Design Paradigms
Bevy is for Teams
Bevy (and especially its Editor) is a tool for cross-disciplinary teams to work together. Each user will have their own unique strengths and weaknesses and tasks to perform.
That means:
- Collaboration should be pleasant.
- The Editor must be customizable to meet the unique needs of each user and project.
- Art, audio, writing and design-centric workflows should require a minimal level of technical expertise.
Group tools by task into workspaces
Tools should be grouped together into customizable workspaces to reflect the needs of common tasks: creating a level, debugging and optimizing a game, writing dialog, and so on.
It's okay for tools to be duplicated across the default workspaces if they're needed by more than one workflow!
Redundant interaction paradigms for accessibility
- Anything that can be done via a mouse click can be done via a hotkey.
- Anything that can be found in a menu can be found in the command palette.
- Anything that can be configured via setting a menu option can be done by editing a config file.
To be completely clear: the same should be true in the opposite directions!
Non-Overlapping
The UI should enable you to always view all relevant information and tools at any given moment, you should never have to move a window out of your way, for that reason, as well as sticking with bevy's modular structure, Bevy uses a divided window layout we call Panes.
- Screens; the entire window enables you to configure workspaces using multiple editors.
- Panes; the container of an editor. Editors can each operate similar to a stand alone editor, like for modeling, painting or scripting. Editors can both follow Screen level user context ("Active" or "Selected") and offer local context browsing.
- Regions; every editor allows further subdivision to provide button/menu headers, toolbars, channel views, and what more is needed to serve its functionality.
Non-Blocking
The UI should stay responsive whenever possible. Tools and interface options should not block the user from using any other parts of Bevy Editor. When long-running blocking tasks are required, it should be clearly indicated and allow an immediate exit. Users don't like their workflow being interrupted!
Non-Modal
User input should remain as consistent and predictable as possible, do not change what inputs do on the fly without clear communication.

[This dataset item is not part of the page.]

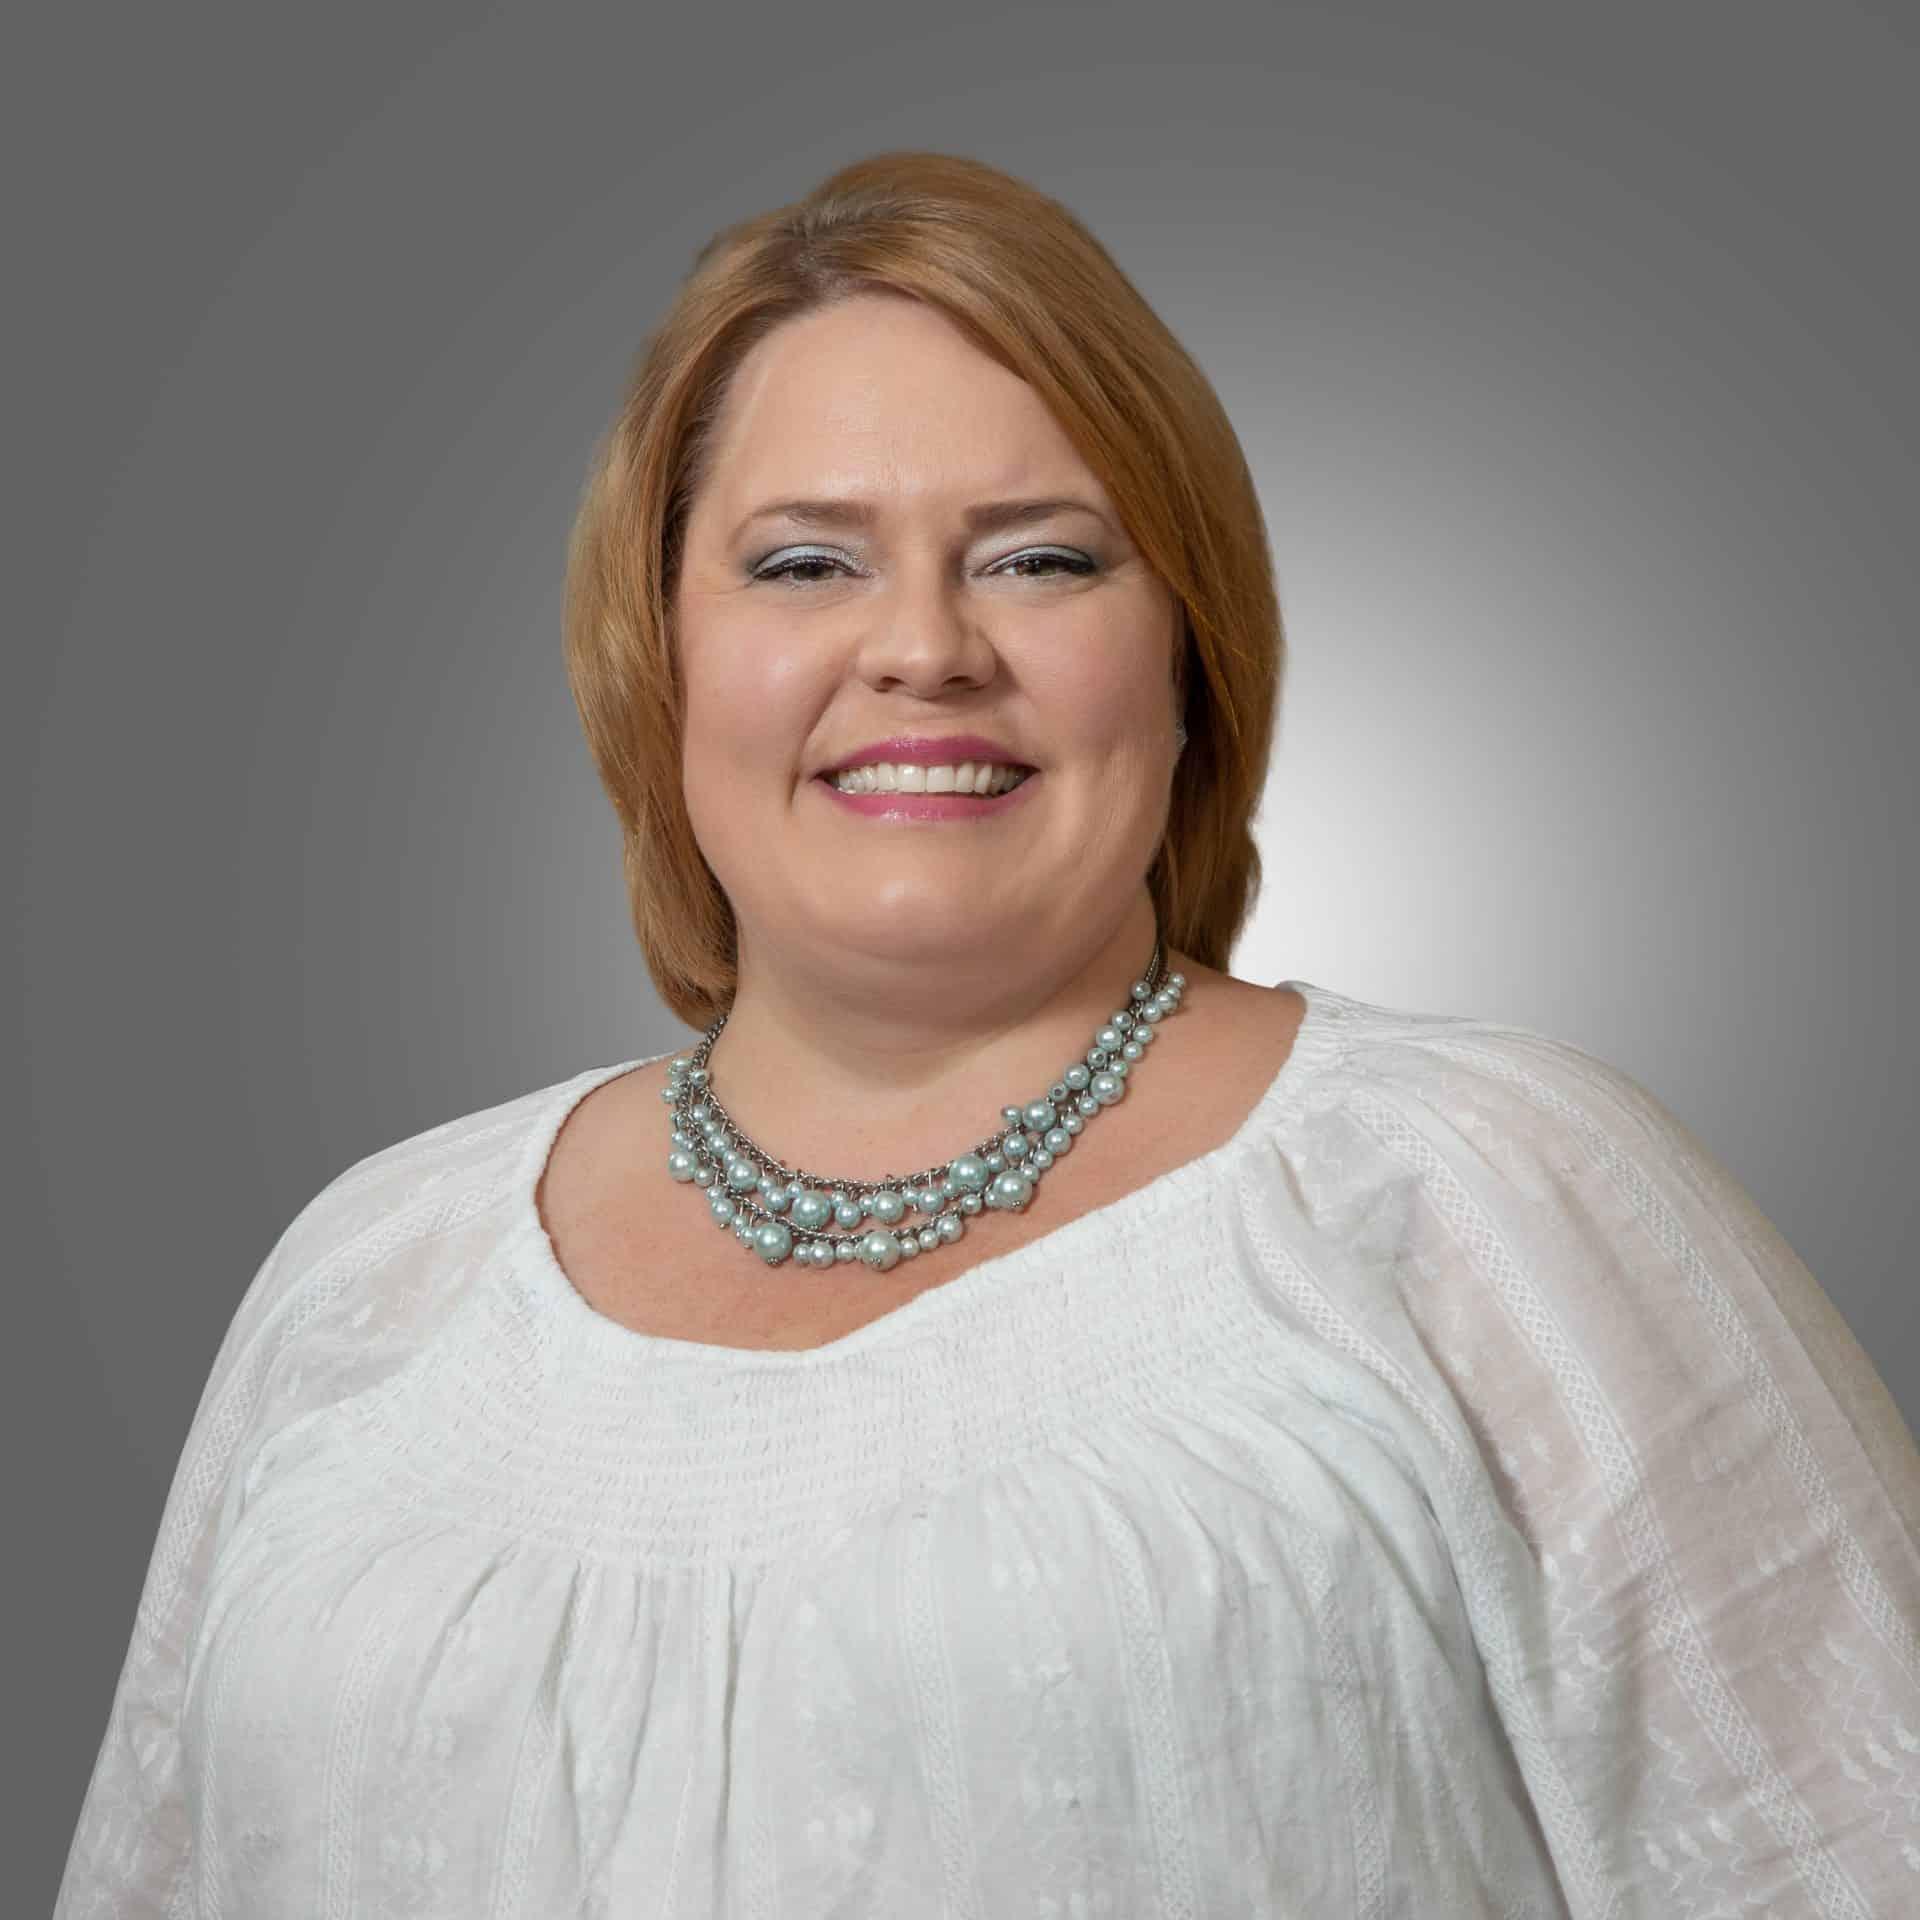 Kristin Aldana

When input behavior changes (e.g. a special camera mode that overrides normal controls), the change in behavior should be temporary, and require continuous user input (typically pressing a key or holding a click) to remain active.
Select -> Operate
In Blender you first indicate which data you work on, and then what you want to do. The same applies for Bevy. Quote from Blender's guidelines: "This follows the non-modal principle; there's no active tool mode you need to set first to be able to use the tool on what you select after. This concept enables a fast and flexible work flow."